Site Reliability Engineering (SRE) combines software and systems engineering to build and run scalable, massively distributed, fault-tolerant systems. As part of the team you will be working on ensuring that Tetrate’s platform has reliability/uptime appropriate to users’ needs as well as fast rate of improvement. Additionally much of our engineering effort focuses on building infrastructure, improving the platform troubleshooting abilities and eliminating toil through automation.

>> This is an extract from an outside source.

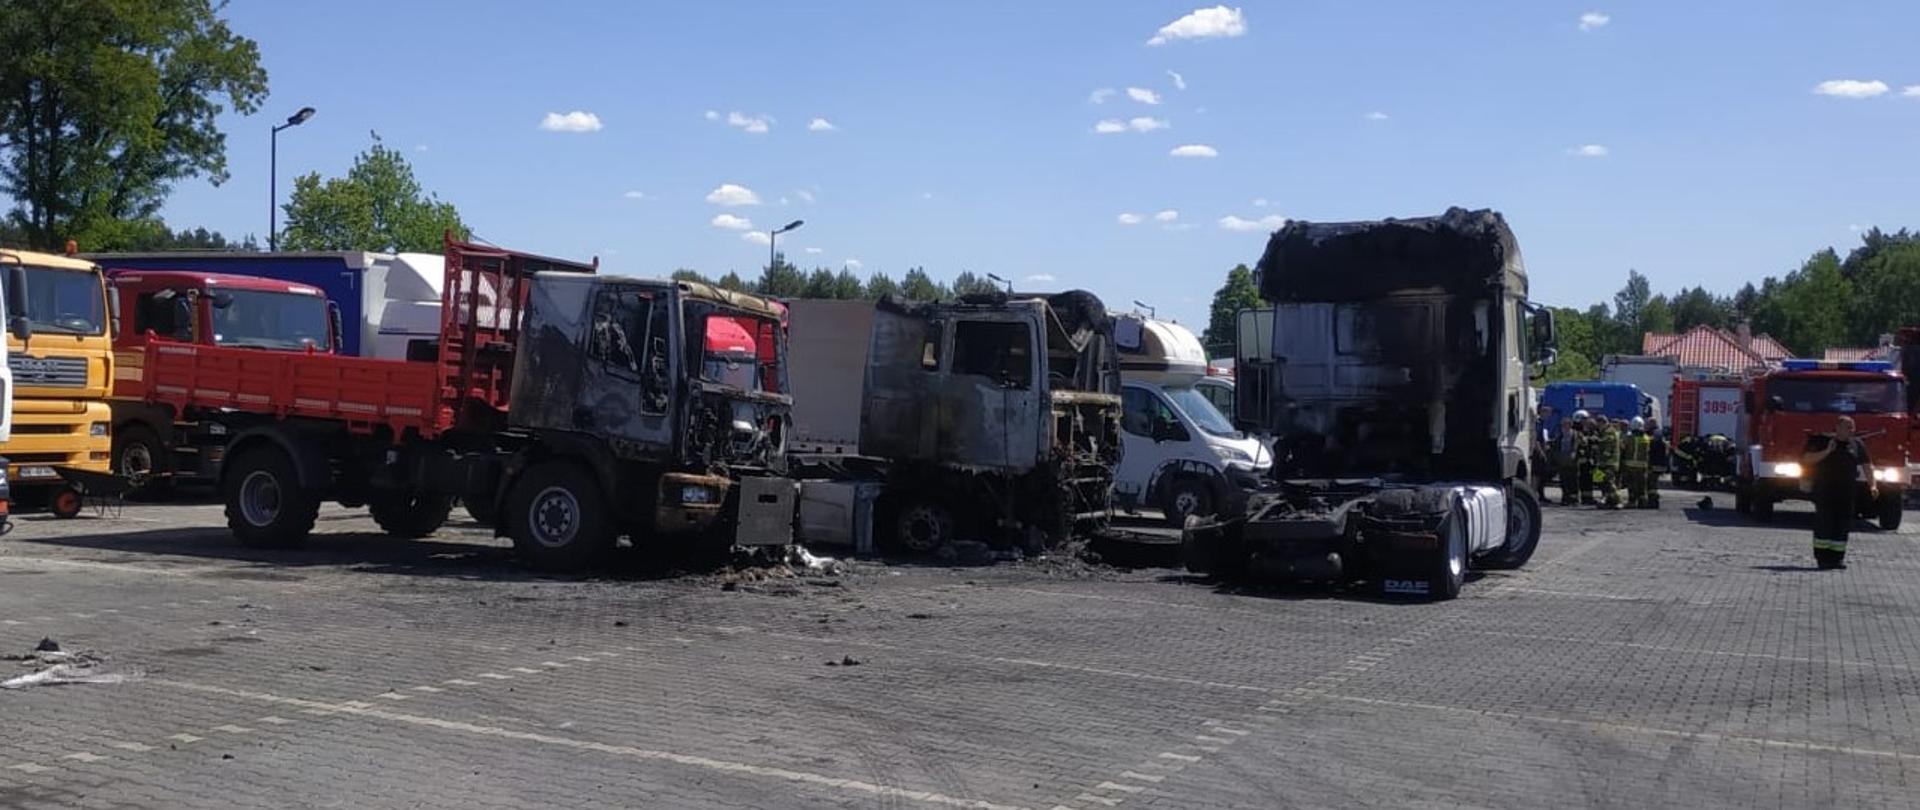 Zdjęcie przedstawia plac na terenie komisu samochodowego oraz trzy samochody ciężarowe, które uległy spaleniu. Po prawej stronie, w głębi widać samochód pożarniczy, a z lewej zaparkowane inne pojazdy.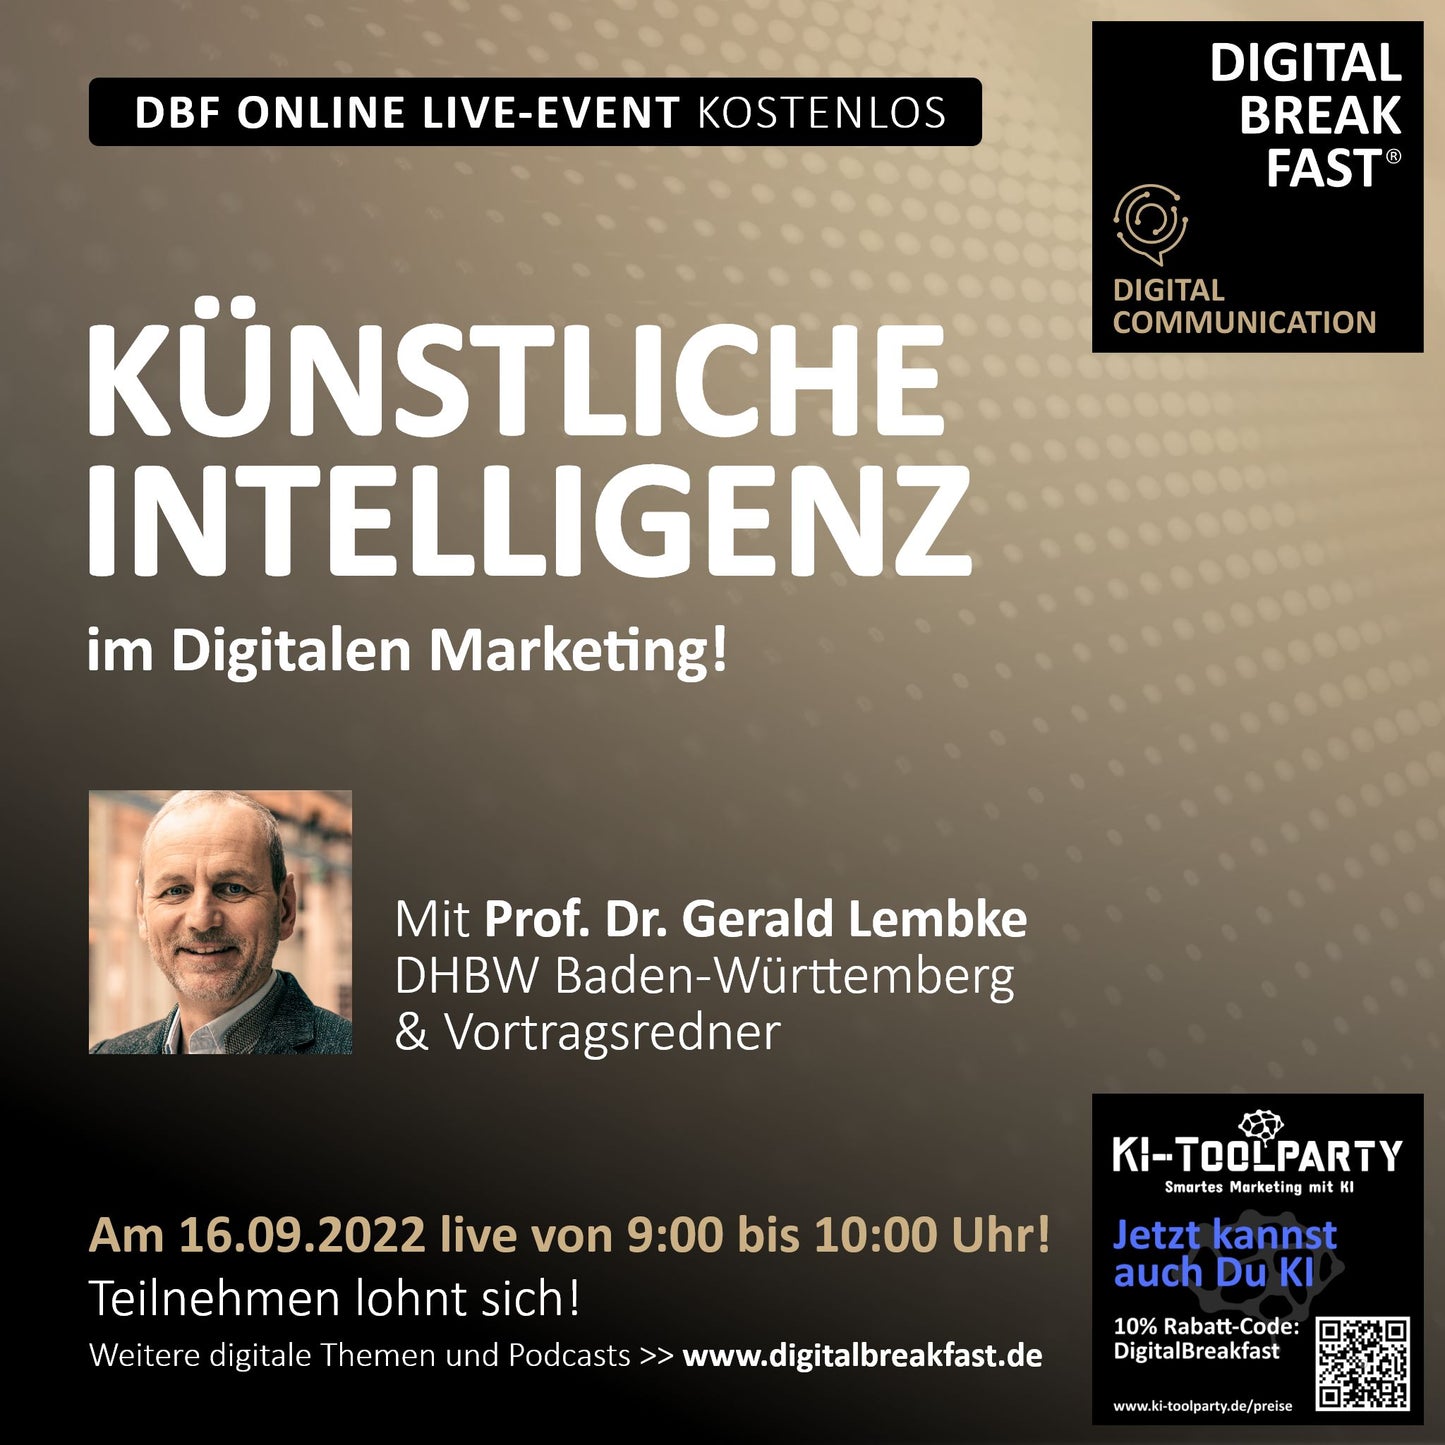 16.09.2022 | "Künstliche Intelligenz im Digitalen Marketing!" Prof. Dr. Gerald Lembke I DHBW Baden-Württemberg & Vortragsredner & KI-TOOLPARTY

- Fundamentals-based problem solving skills; Drive decision by function, first principles based mindset. We are not “title” driven and we value results over process
- Demonstrate bias-to-action and avoid analysis-paralysis; Drive action to the finish line with high quality and on time
- You are ego-less when searching for the best ideas; You contribute effectively outside of your specialty; You think about solving problems from the standpoint of best outcome for the team
- Values autonomy and results over process
- Systematic problem-solving approach, coupled with excellent communication skills and a sense of ownership and drive
- Strong fundamentals in distributed systems and networking
- Ability to debug, optimise code, and automate routine tasks
- Experience programming in at least one of the following languages: C++, Rust, Python, Go
- Familiarity with the concepts of quantifying failure and availability in a prescriptive manner using SLOs and SLIs
- Production experience with K8s/Kubernetes. Familiarity with Istio or other variations of service mesh
- Experience in performance analysis and tuning is a plus
Location: We are worldwide and fully remote with access to offices in SF, Boston, Barcelona and Bandung/Tangerang.